Из-за другой двери доносился разговор весьма приличный, общественный:
— Смотри, Степа, настоящая она киви-киви. Все, — дрыг-дрыг, дрыг-дрыг…
И женский голос:
— А вот вы и не знаете, что такое киви-киви.
— Как это не знаю! У нас мерин был, все головой кивал. Его и прозвал ветеринар, весьма образованный дохтор: киви-киви.
— А киви-киви — австралийская птица, а вовсе не мерин, — парировал женский голос.
— Вот и врешь, что птица. Уткунос — то птица австралийская, а киви-киви — мерин. И не спорь, а то осерчаю. Ученого учит, заноза. Сразу видать, что ты за птица. У тебя все «контра». Только и знаешь: дрыг-дрыг, дрыг-дрыг…
Потом послышался женский визг и голос, задыхающийся от смеха:
— Отпусти ногу! Совсем вывернешь, чорт пузатый! Ай!
И мужской голос:
— Дери ей, Степа, вторую. Мы из нее киви-киви сделаем. Гаси свет!
Двое за перегородкой продолжали шопотный разговор. Говорил, собственно, один, тот, который был помоложе, подчеркивая чистосердечным признанием и мимикой свое благородство. Другой, который был постарше, ограничивался репликами для уточнения позиционных преимуществ, прикрывая невозмутимостью тревожные мысельки и кой-какие подозрения. Тот, который был помоложе, заразился дурной болезнью, здесь же, в одном из номерков «Кафе»: сам не помнит от кого. Женщин было много. Устроили хлыстовское радение во тьме, вповалку. Потом обнаружилось. Благородство потерпевшего, заключалось сейчас в том, что он заботливо предупредил приятеля о факте, с выводом, что тот с Муськой будет первым: не то еще схватит от него через Муську чего-нибудь такого. Поэтому сам благородный решил быть вторым: по крайней мере совесть у него чиста будет.
Тот, кто был постарше, принимал благородную жертву заботливого приятеля, но все же подозревал здесь лукавство: ведь девчонка еще мала; ясно, тот с себя, на него, как на первача, вину спихнуть хочет, если невзначай какой-нибудь казус возникнет: мало ли что бывает. Может быть про свою болезнь тот все и выдумал. Но выхода не оставалось: а вдруг он и на самом деле болен? Быть вторым тут никак не годится.
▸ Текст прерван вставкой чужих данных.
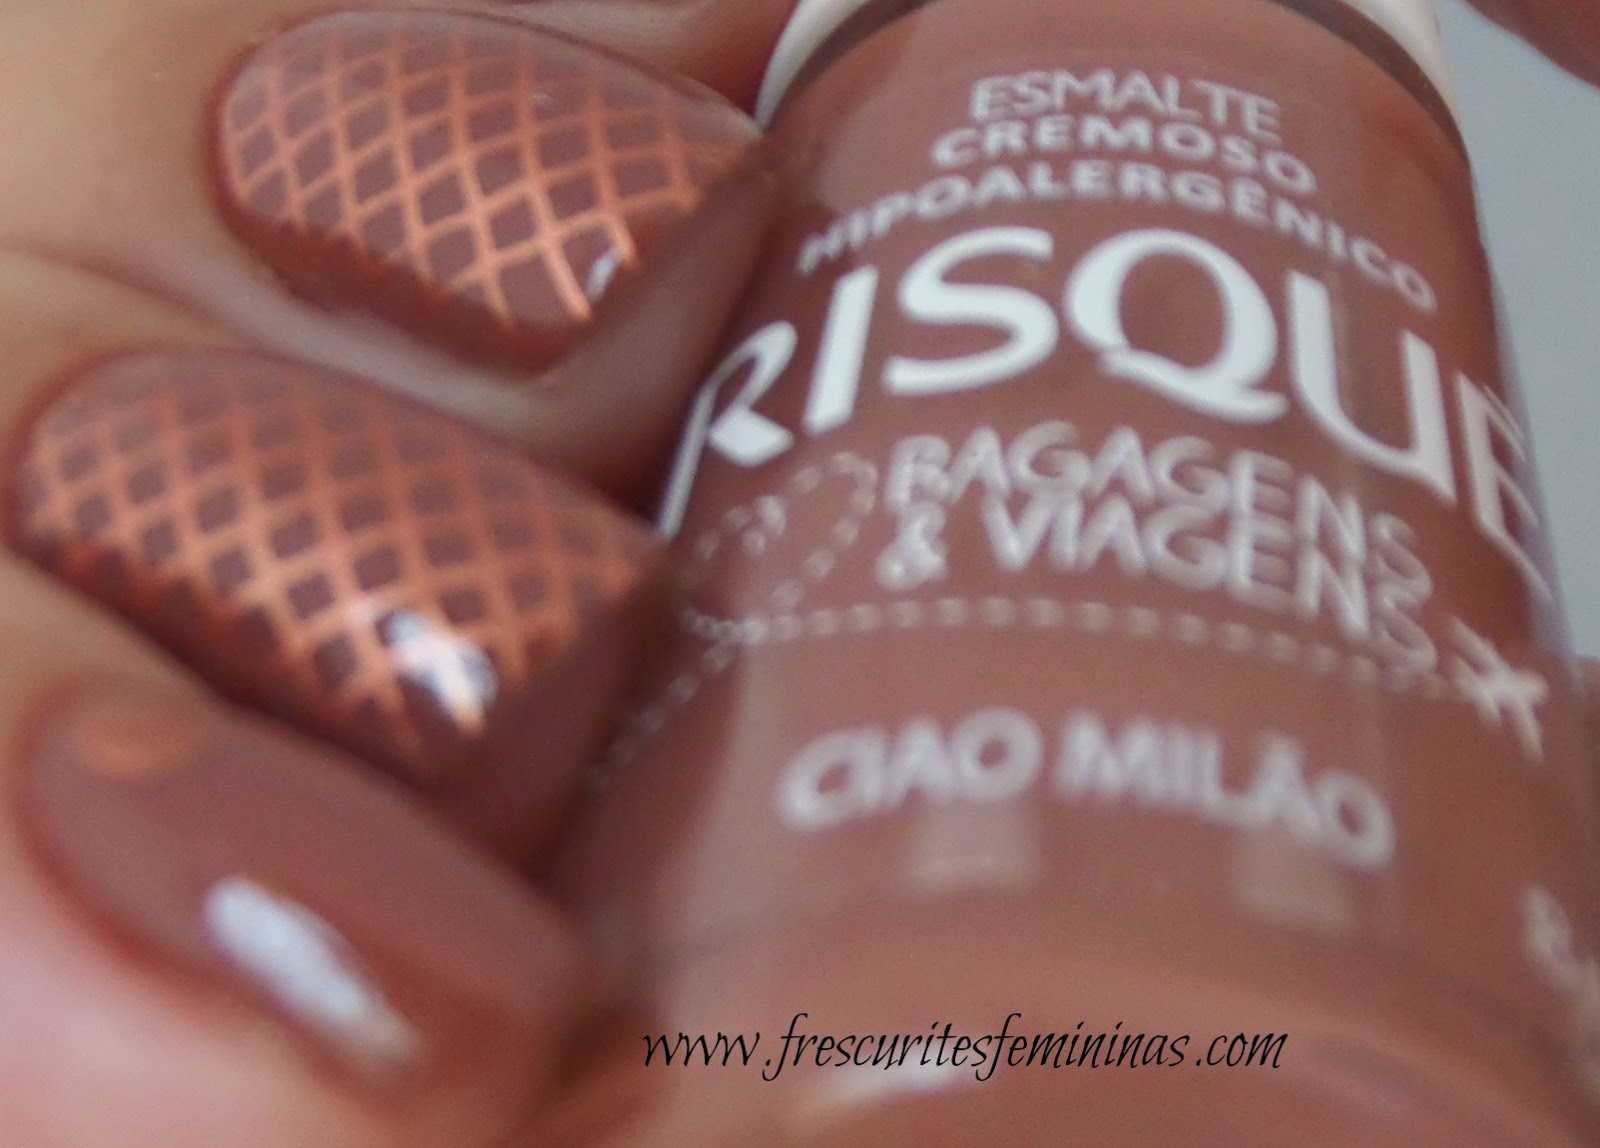 Risqué, Esmalte Risque, Ciao Milão, Mundo de unhas, Mundo de Uñas, Copper, Stamp nail polish

О Муське из них двоих никто не подумал. Девчонка не в счет.
Муська из шопотного разговора ничего не расслышала.
Слышал только Исус.
Удачливый мужчина вытащил из кармана вторую, слегка уже размягченную от тепла шоколадку и поманил Муську к себе на диван:
— Давай-ка сюда, — сделал он ей рукой знак и протянул девчонке шоколадку, но так, что та достать ее не могла и подмигнул ей:
— Тебя как звать: Лизка?
— Муська!.. Ишь какой, «давай-ка ему сюда», — чуть обидчиво и насмешливо передразнила его Муська. — А как порядились, ты, дядька, позабыл? — И, не вставая с места, нацелилась на шоколадку, чуть пригнувшись туловищем вперед.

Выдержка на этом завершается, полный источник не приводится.